The reasons for unfavourable conditions are numerous, reflecting the range of sites designated, and include:

  • water pollution from agriculture/run off;
  • undergrazing;
  • inappropriate scrub control;
  • invasive species;
  • forestry and woodland management;
  • moor burning;
  • water pollution from point discharges;
  • public access/disturbance;
  • coastal squeeze.

4.2.2 Pollution of environments and ecosystems

Marine Environment

It is estimated that 267 species are affected by marine litter globally of which 86% of all sea turtle species, 44% of seabird species, 43% of marine mammal species are with plastic based litter, responsible for the direct or indirect deaths of over one million seabirds, 100,000 marine mammals (including 30,000 seals) and 100,000 turtles globally every year, through ingestion or entanglement[53]. Plastics account for much of the litter that ends up in the sea, as these items are lightweight and easily enter streams and rivers, which are then deposited in the ocean. When exposed to salt water and ultraviolet light, these plastic items can fragment into “microplastics” small enough to be mistakenly eaten by fish and other marine wildlife. This has knock on effects further up the food chain.

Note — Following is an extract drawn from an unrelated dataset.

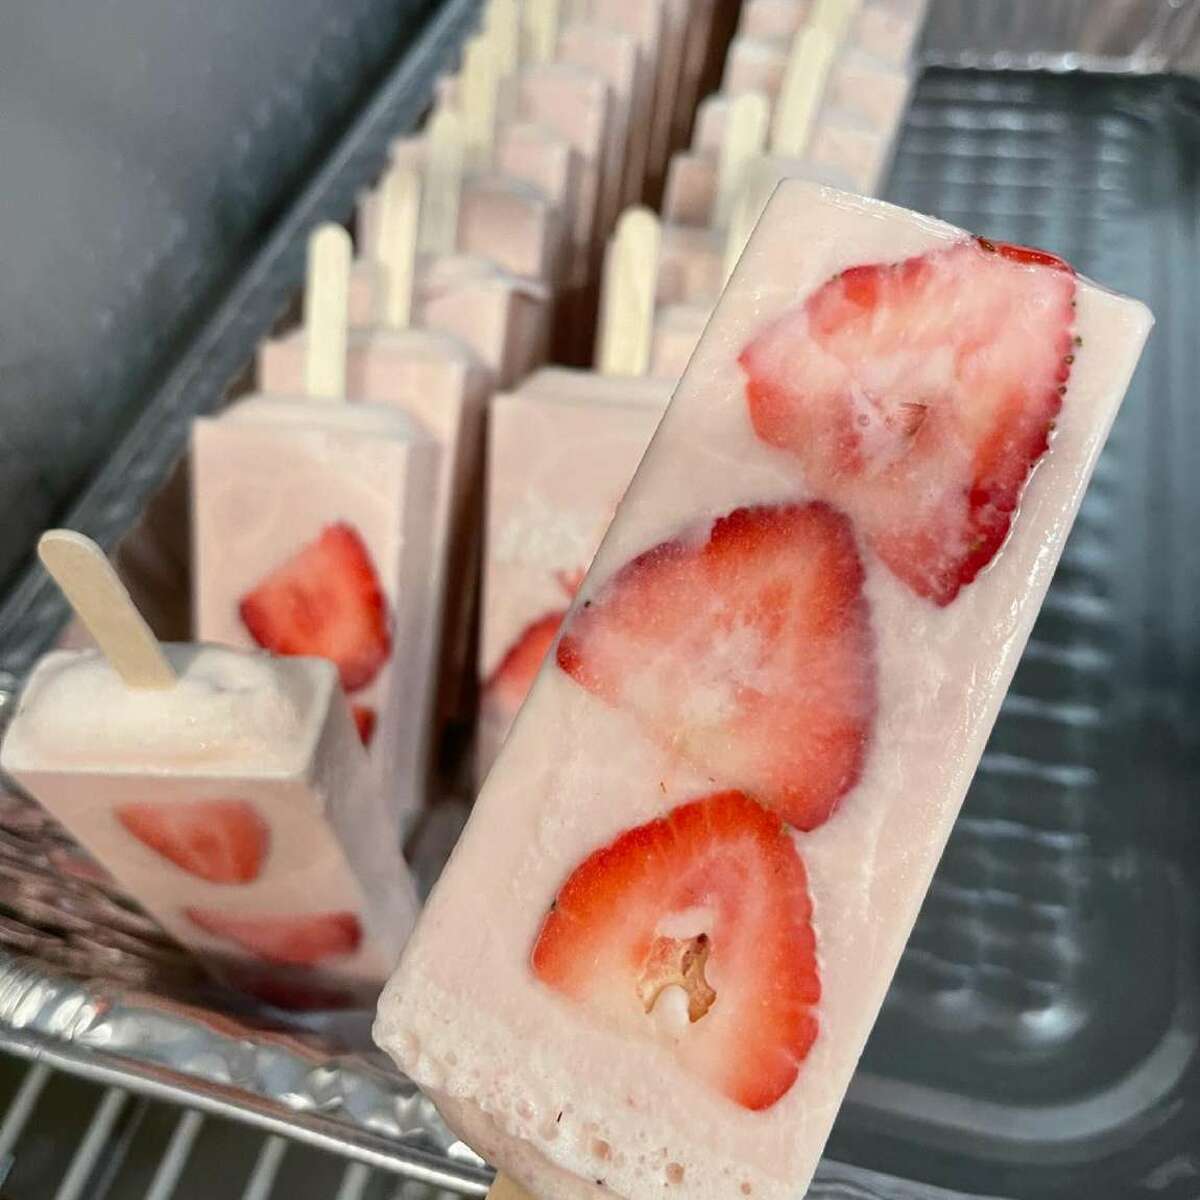 Dave's Gourmet Paletas, FairfieldRemember the simple childhood pleasure of biting into a frosty Popsicle after a day in the summer sun? Dave Rock is aiming to recapture that feeling with Dave's Gourmet Paletas, with 20 flavors of Mexican-style ice pops. The hand-crafted, preservative-free flavors range from classics like strawberry, chocolate and coconut to more exotic choices like mango chamoy, matcha, banana Nutella and passion fruit. Paletas can also be topped with chocolate and extra garnishes, like candies, pretzels, sprinkles or dessert sauces.1492 Post Road, 203-292-3757, facebook.com/davesgourmetpaletas.

The latest assessment of beach litter from Marine Scotland includes a summary of Marine Conservation Society (MCS) surveys for five Scottish sub-regions and Firth of Forth harbours for the period from 2008 to 2017 (Figure 4-5). This highlights the prevalence of plastic and sanitary materials in beach litter for the locations during this period. However, the report covers a total of 15 sub-regions (Figure 4-6) and also identifies that the abundance of plastic bags and plastic bottles is decreasing in all of the areas assessed.

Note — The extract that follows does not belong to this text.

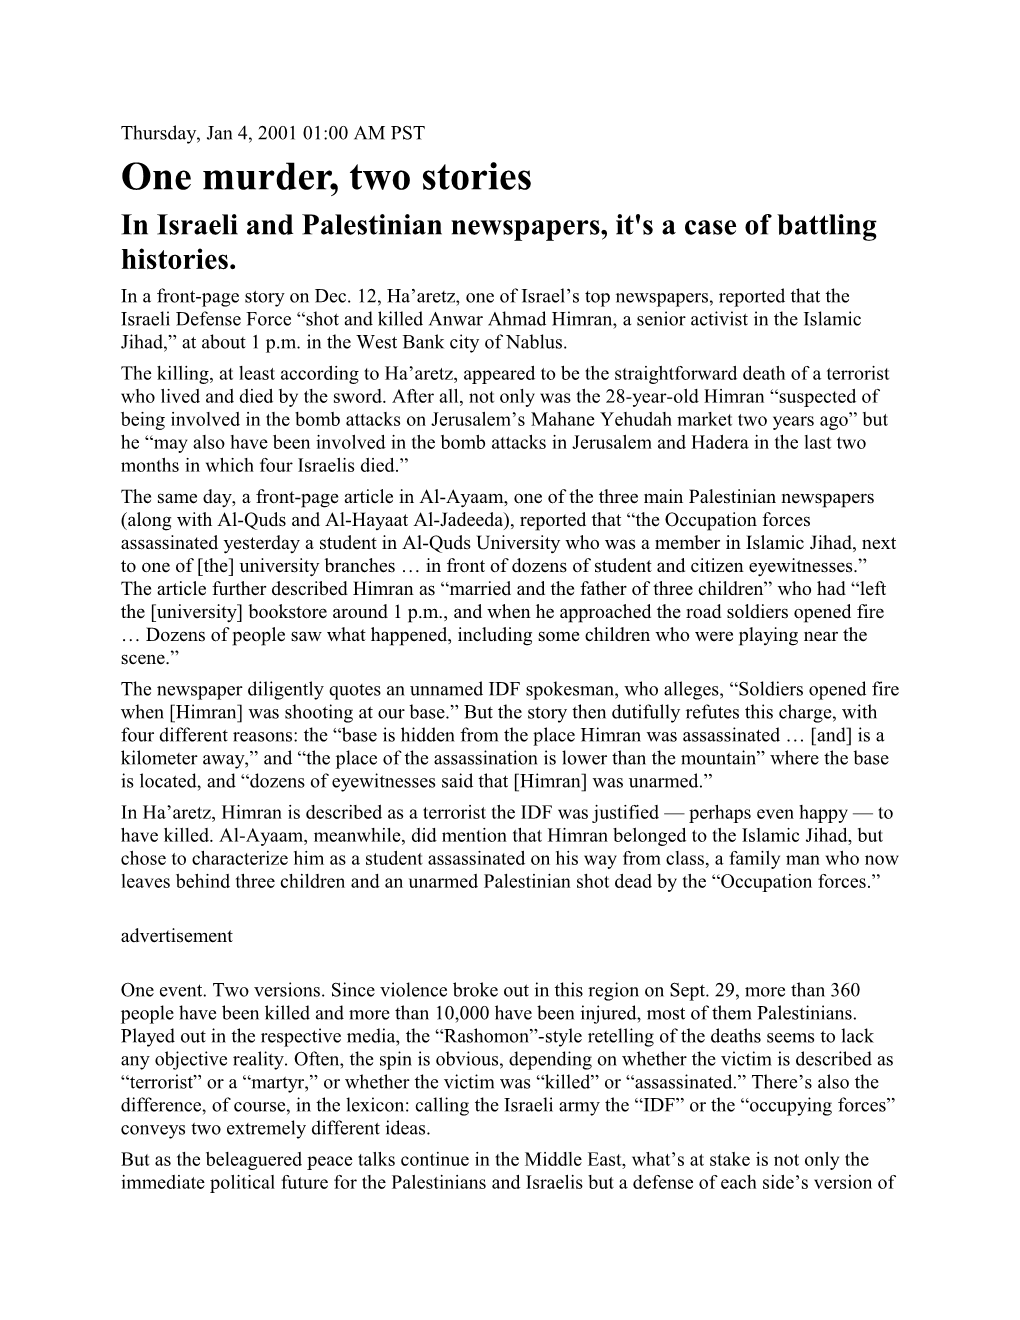 One Murder, Two Stories

Figure 4-5 Composition of beach litter in the five Scottish sub-regions and Firth of Forth harbours averaged for 2008 to 2017, and with 2017 also shown separately (sub-regions presented are those with sufficient data for assessment) [54]
Composition of beach litter in Clyde, Moray Firth, Orkney, Firth of Forth, East Coast and Firth of Forth Harbours between 2008 and 2017 from Marine Conservation Society surveys. Plastic is the most commonly found litter at all sites, except for Firth of Forth Harbour in 2017, where sanitary litter was most common.
Figure 4-6 Map showing location of all MCS foreshore surveys, arranged in 15 subregions [55]
Map showing the location of Marine Conservation Society foreshores surveys.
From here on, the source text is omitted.